=== Task description ===
Without including any pictures, reproduce all the lines below word for word.

=== Given data ===
* * *

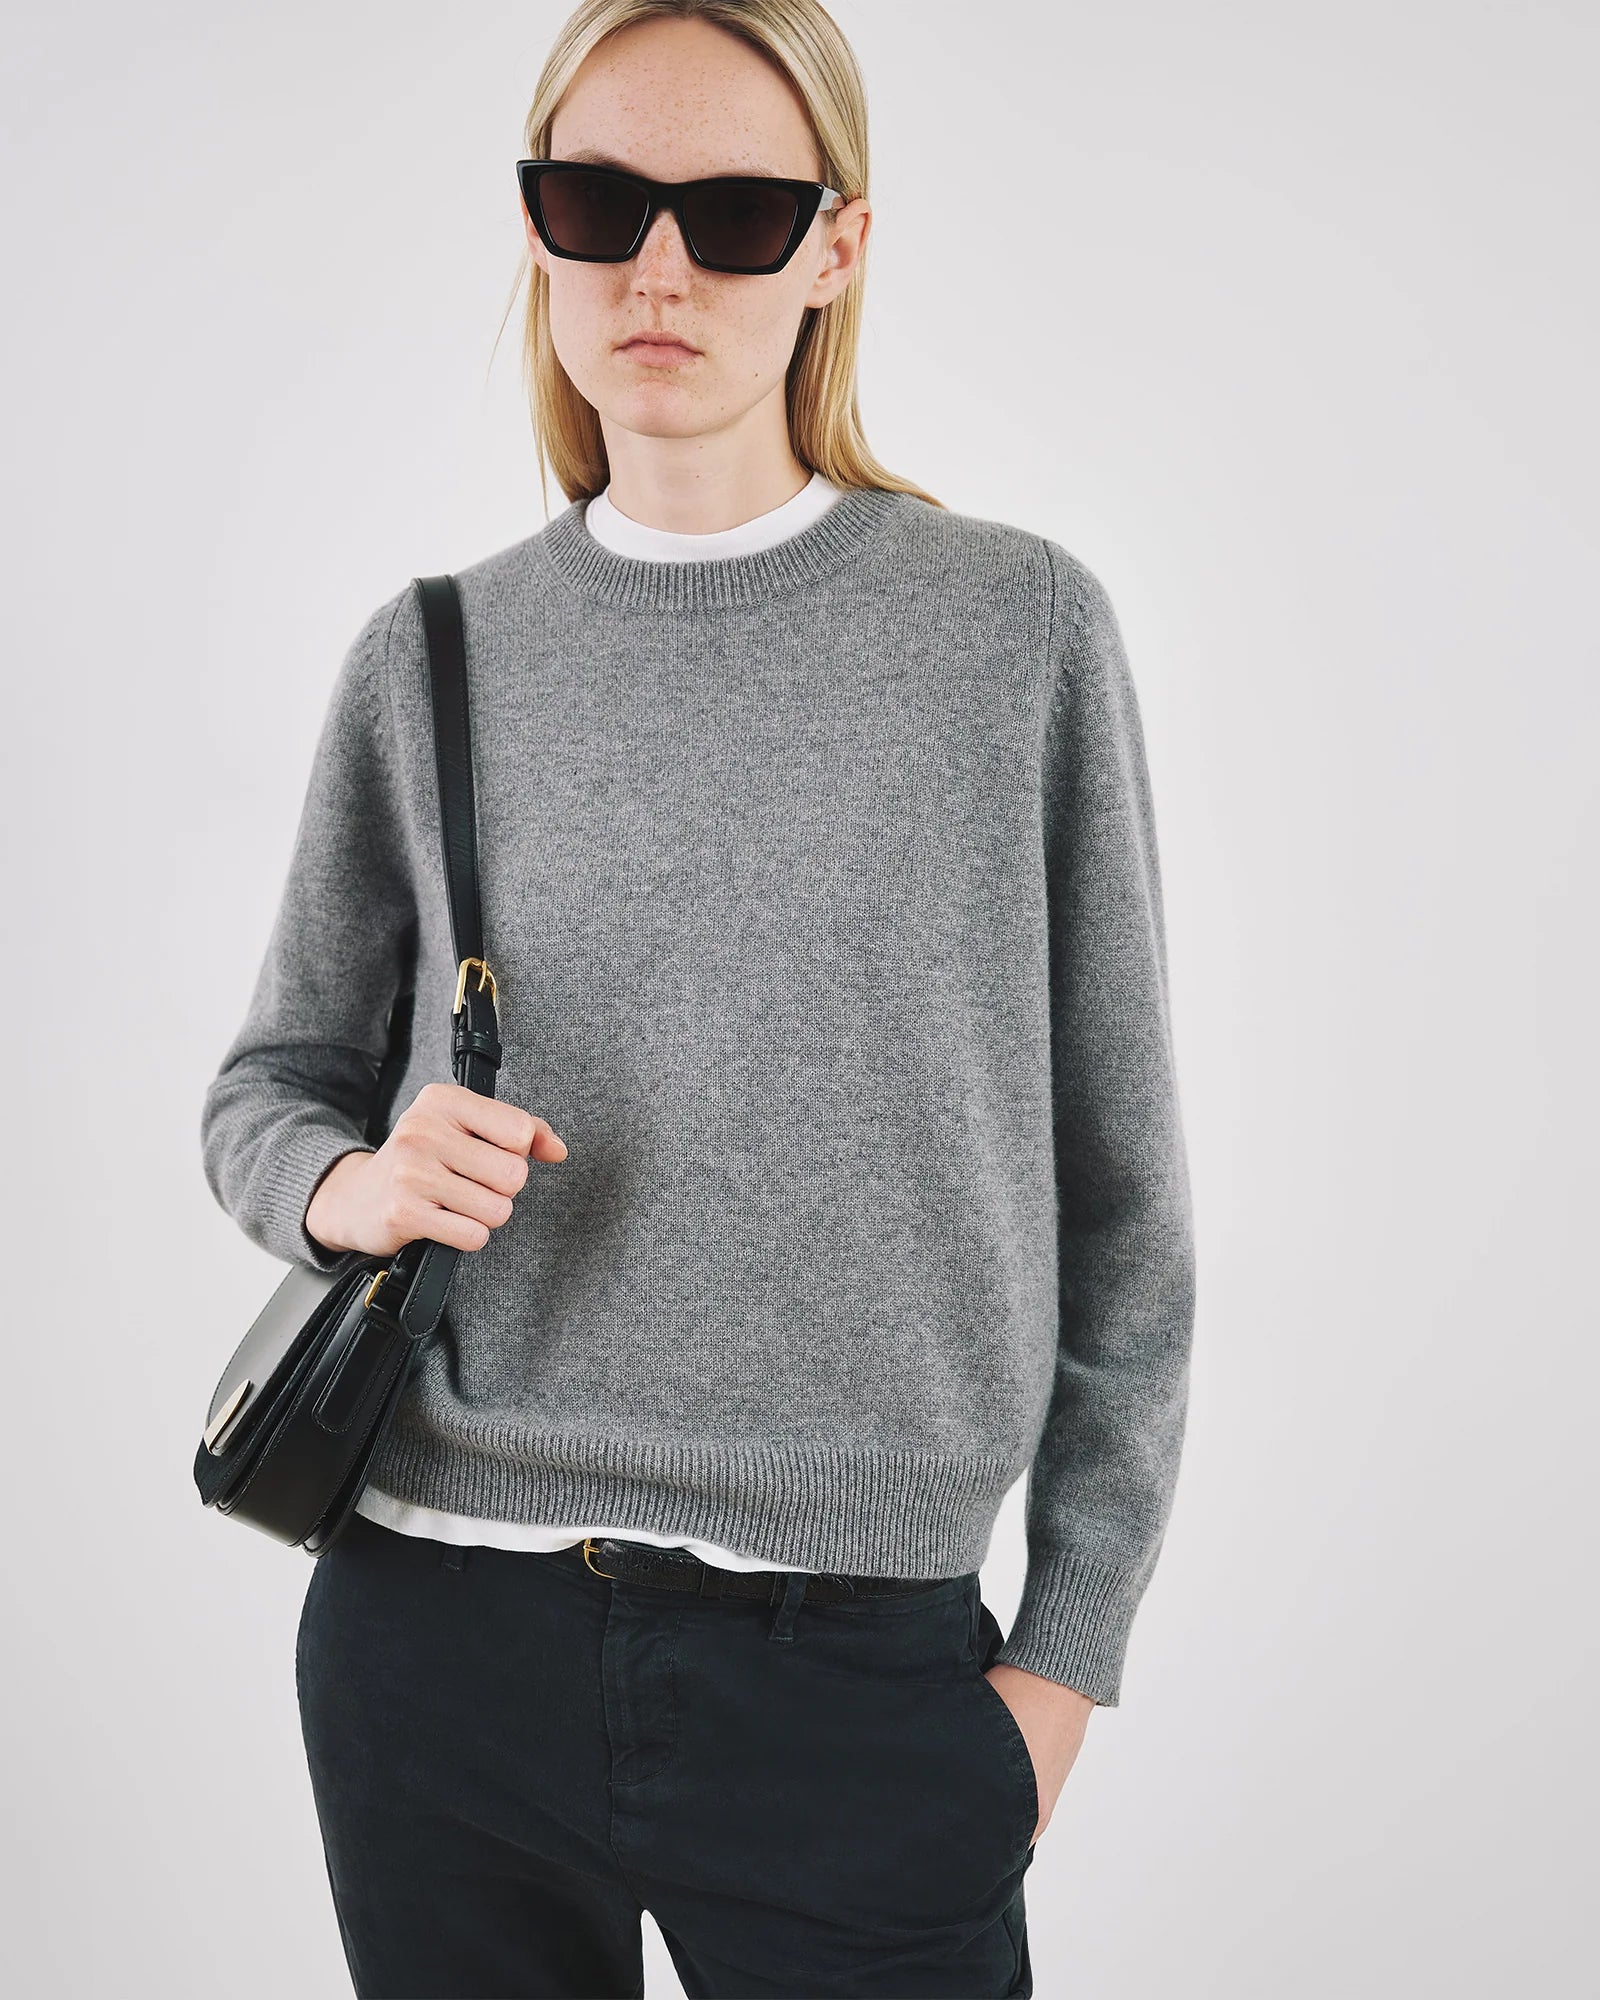 Nora Sweater in Medium Grey Melange
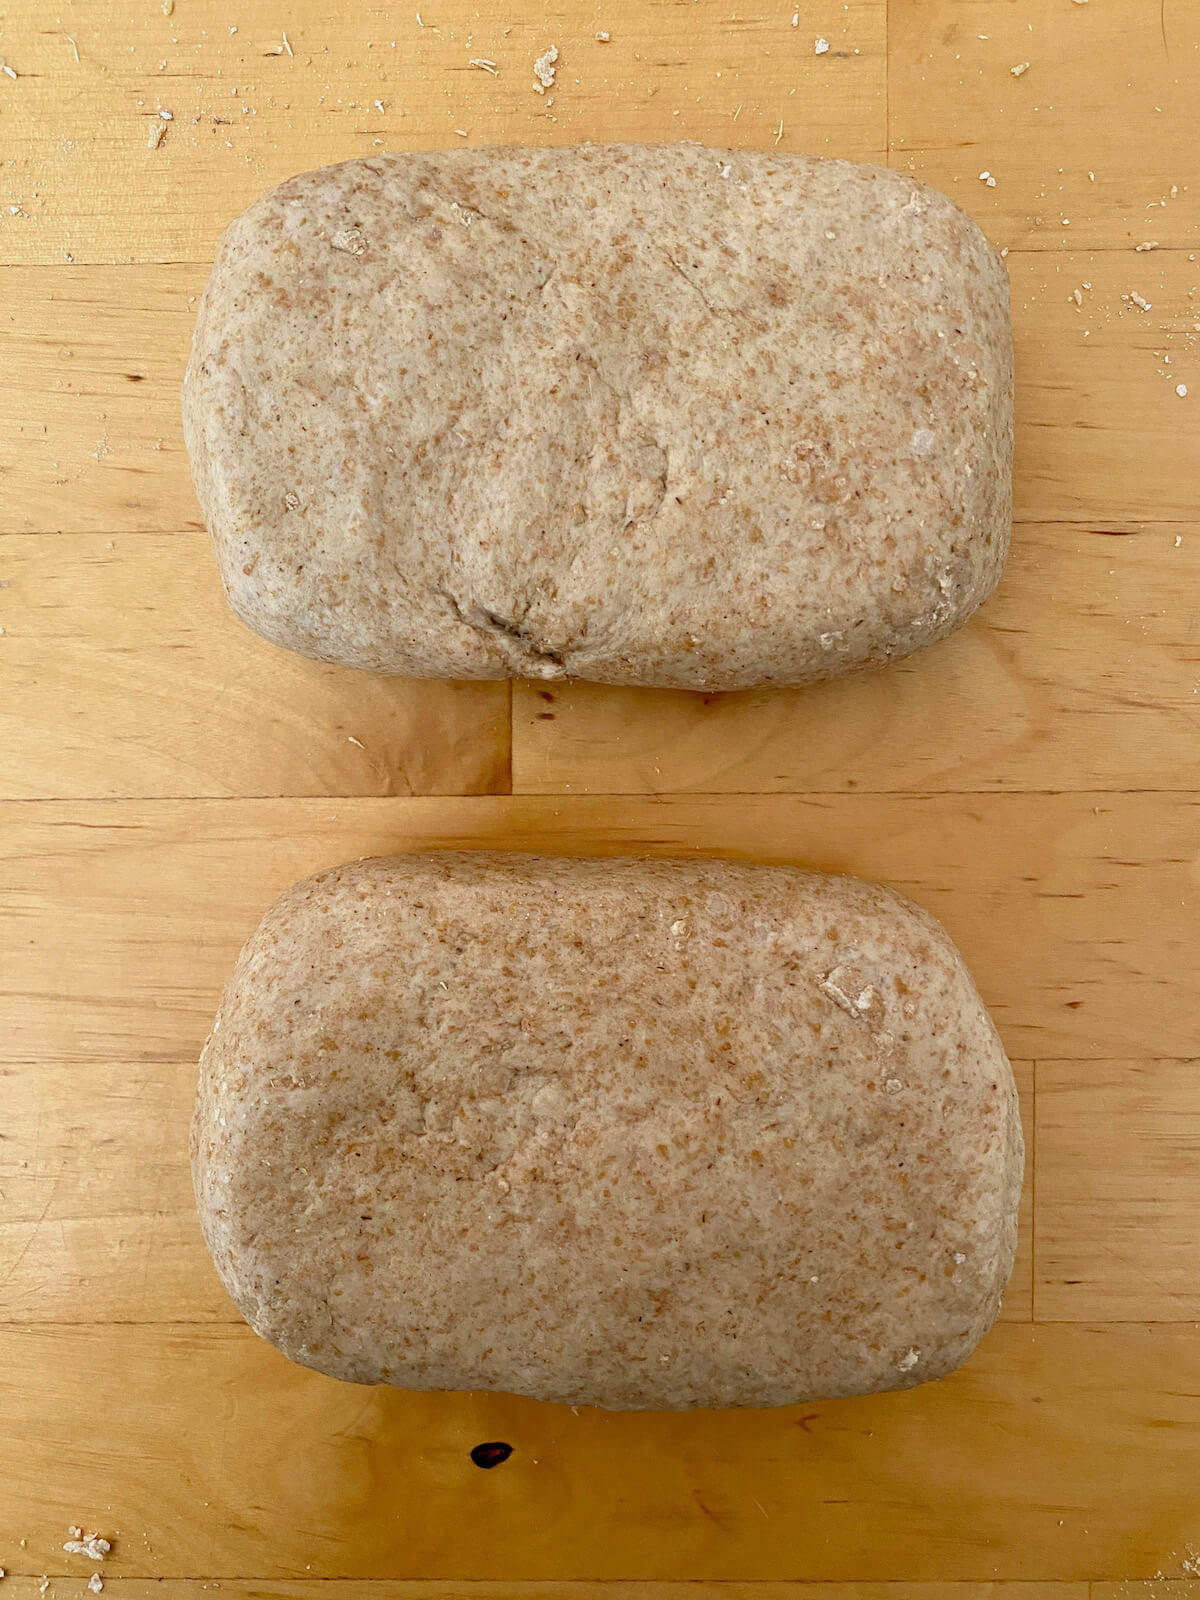 Two pieces of sourdough cracker dough shaped into rectangles on a butcher block countertop.
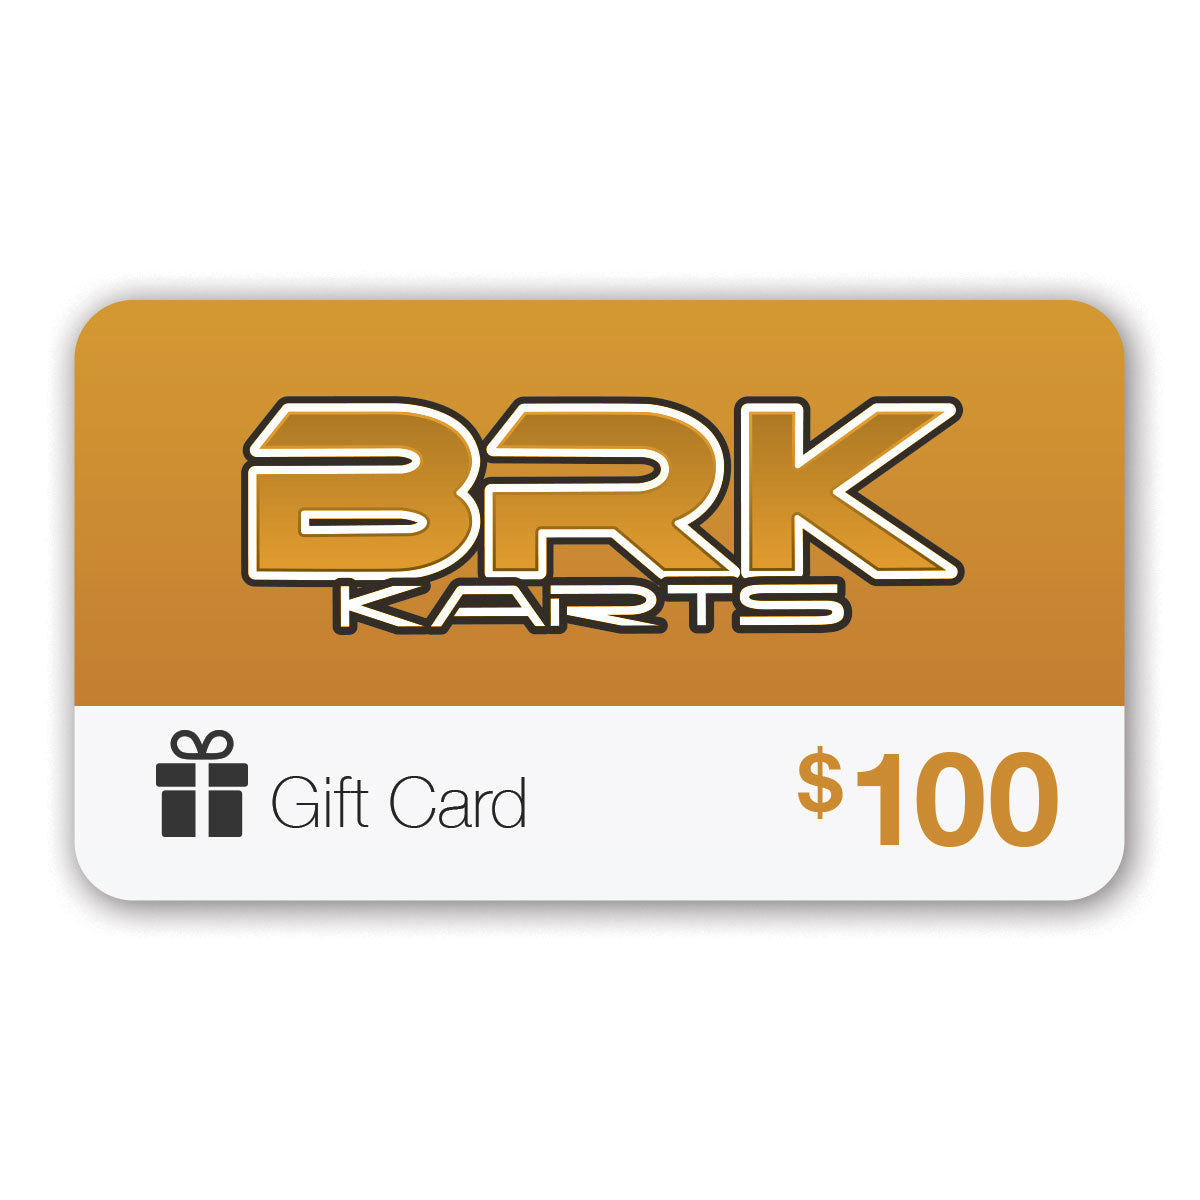 BRK Karts Gift Card - $100

* * *

=== Your solution ===
 Nora Sweater in Medium Grey Melange
 Two pieces of sourdough cracker dough shaped into rectangles on a butcher block countertop.
 BRK Karts Gift Card - $100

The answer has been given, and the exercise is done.